ヤドラスは嫌味たっぷりにレンドに話しかける。

「もちろんです。私も一度は中を見たくて仕方ありませんでした。本当にありがとうございます!」

公的ギルドの建物の前で、レンドは本当に嬉しそうにヤドラスにお礼を言った。それを聞いたヤドラスは、レンドがエルマイスター家と内通しているのかどうか、余計に分からなくなってしまったのである。

3人で中に入ると、建物内は冒険者ギルドとは比較にならないほど洗練されていた。3人は圧倒されるような気持になりながらも、受付にハロルドに会いに来たと伝える。すぐに3人は3階にあるハロルドの執務室に通されたのである。


   ◇   ◇   ◇   ◇


3人が部屋に入ると、ハロルドは何か空中を見つめてブツブツと呟いていた。3人にはわからないがハロルドしか見えない役所システムで書類を確認していた。

「そちらのテーブルでお待ちください」

セバスが3人に声を掛ける。部屋には簡易的な応接セットと、それとは別に8人ほどが打ち合わせのできるテーブルが用意されていた。3人は言われた通りテーブル席に座り、セバスの用意した飲み物を飲んで待つ。

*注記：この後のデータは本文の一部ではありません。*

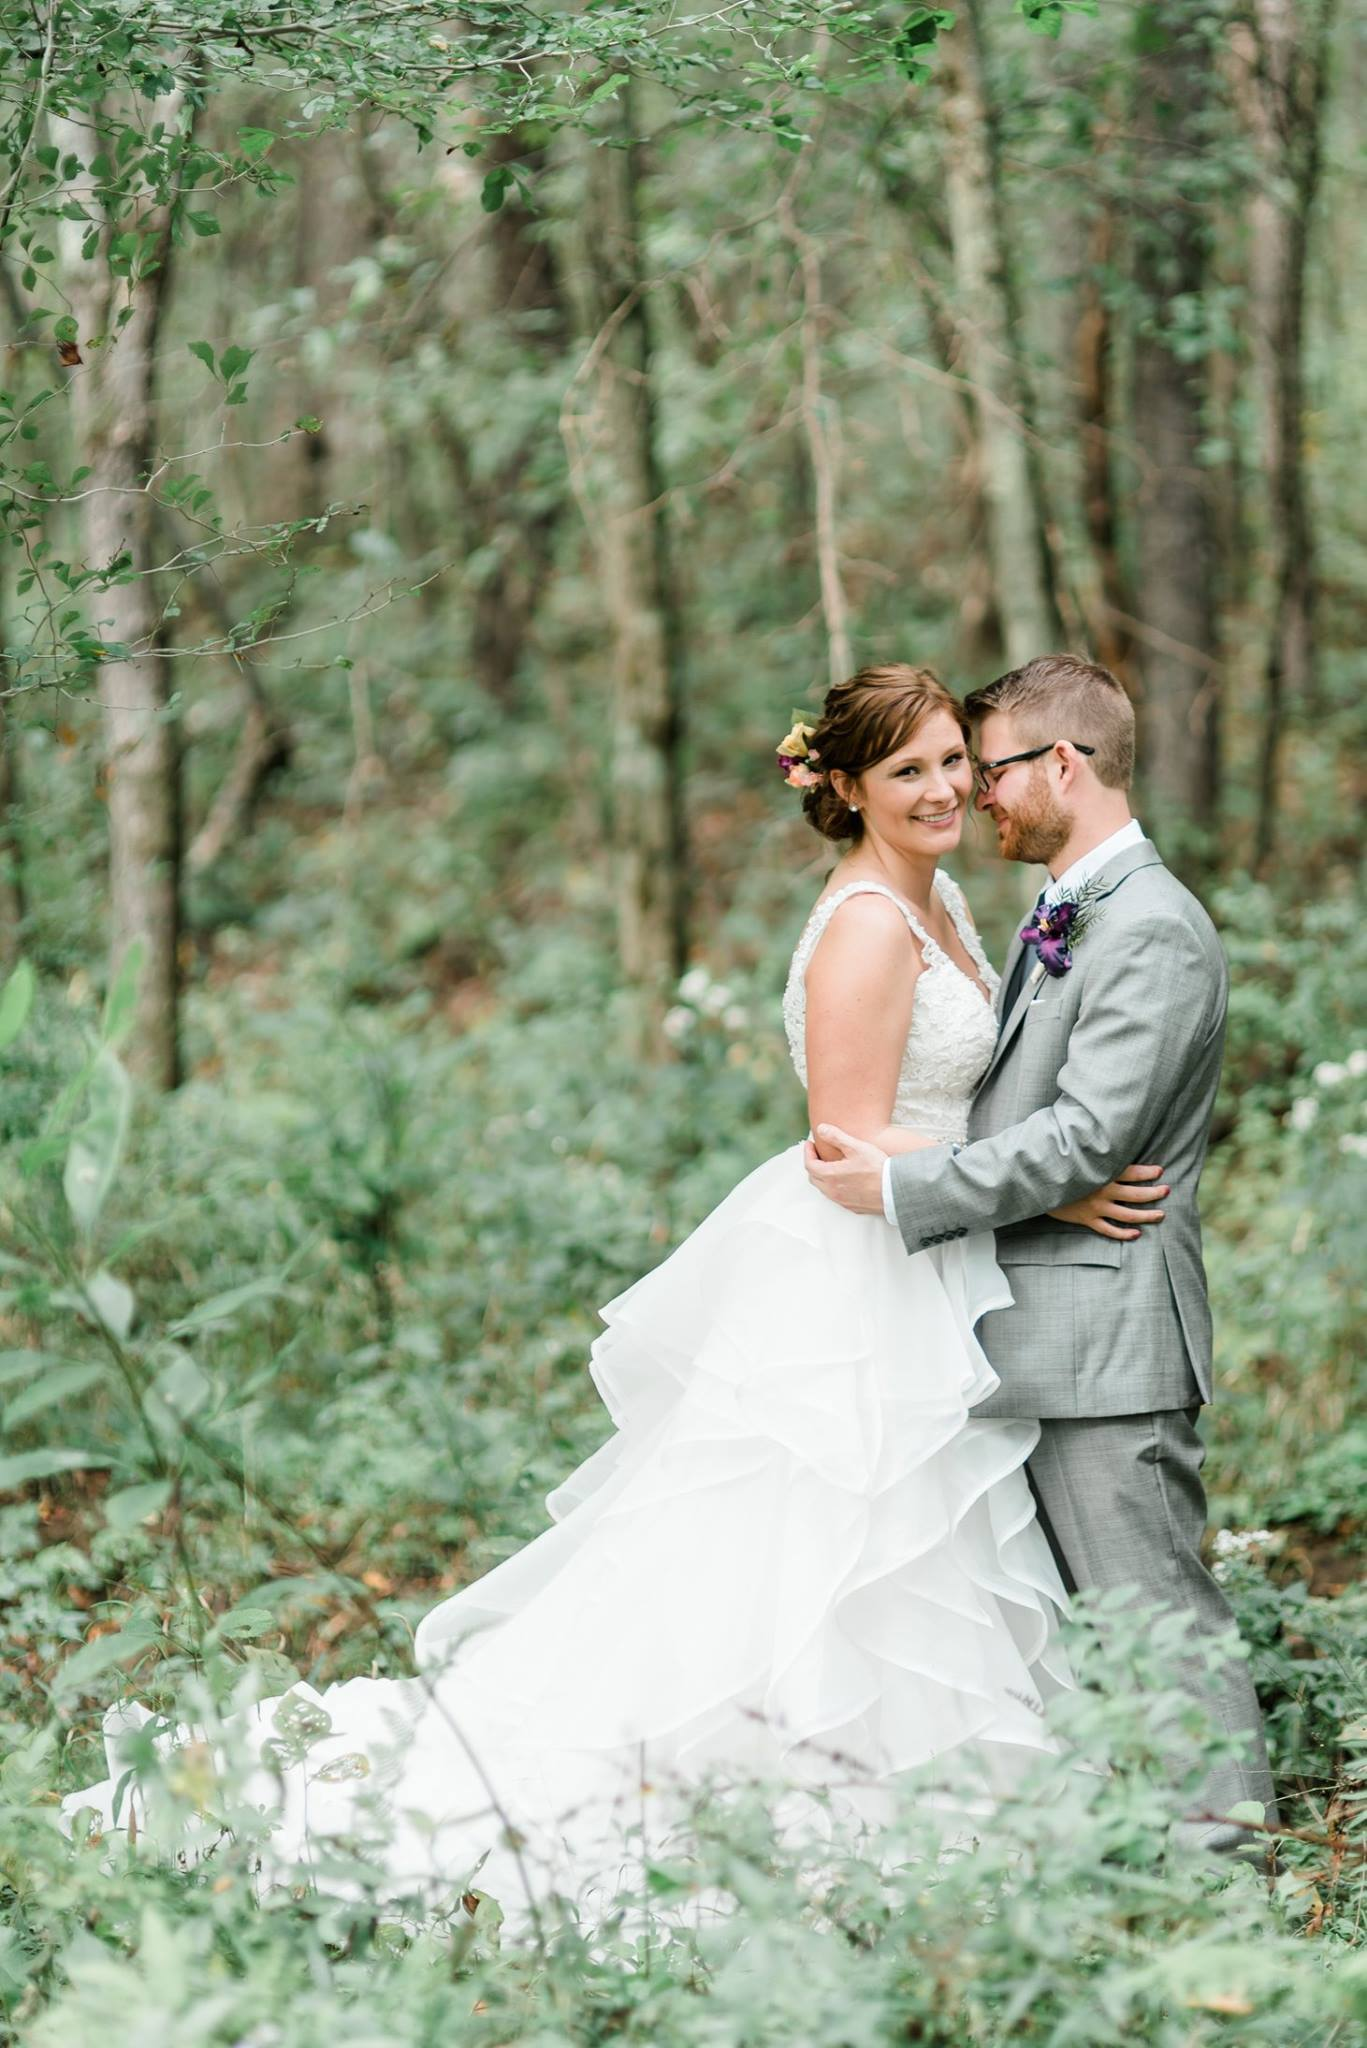 pennsylvania-backyard-wedding-love-diy-bohemian-romantic-colorful-0021.jpg
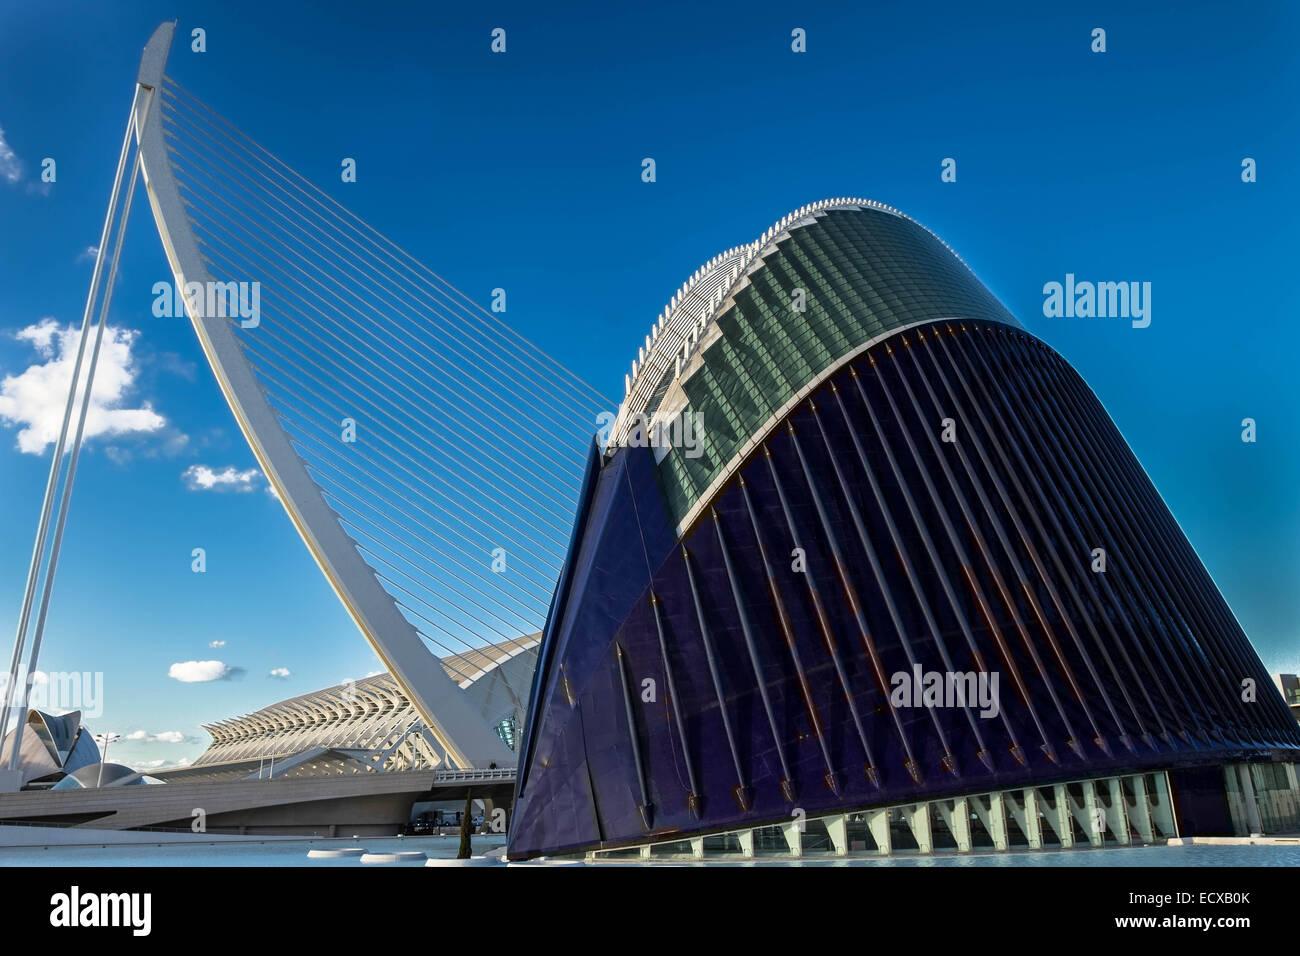 Modern futuristic building, Valencia, Spain - Stock Image

最初に飲み物に手を付けたのはレンドだった。飲み物は健康ドリンクだったので、飲むと同時に疲れが吹き飛び驚きの表情を見せる。ヤドラスはそんなレンドを軽蔑するように見ていた。貧乏人には飲んだことのないお茶を出されて驚いていると思ったのだ。
裏職員は出先で飲食をしないように心掛けているので、一切興味を示さなかった。

ヤドラスが健康ドリンクを飲むとすると、ちょうどハロルドがテーブルに歩いてきた。

「それで、用事はなんじゃ?」

ハロルドは立ったまま不機嫌そうにそれだけ尋ねた。ヤドラスは内心でムッとしていたが、表情に出さずに答える。

「辺境伯様に、ギルドマスターとして着任したご挨拶に伺いました」

「そうか、それはご苦労なことじゃのぉ。儂は忙しい。悪いがこれで終了じゃ!」

ハロルドは形だけはこれで終わったと思って、席に座ることなく振り返って執務に戻ろうとした。それを見てヤドラスは焦って声を掛ける。

「お、お待ちください!」

「なんじゃ? 儂は忙しいと言ったと思うのじゃがのぉ。慣例の挨拶以外に忙しい儂を引き止めたのだから、それなりの話じゃろうのぉ。あまりにもくだらない話をされたら、この場で首を切り落としてやるぞ?」

ヤドラスは驚きで何も言い返せなかった。相手が慣例の挨拶だけを済ませようとするとは想像もしていなかった。そして色々話をしようと、世間話から交渉の糸口でもと考えていたヤドラスは、ハロルドの喜びそうな話など考えていなかったのである。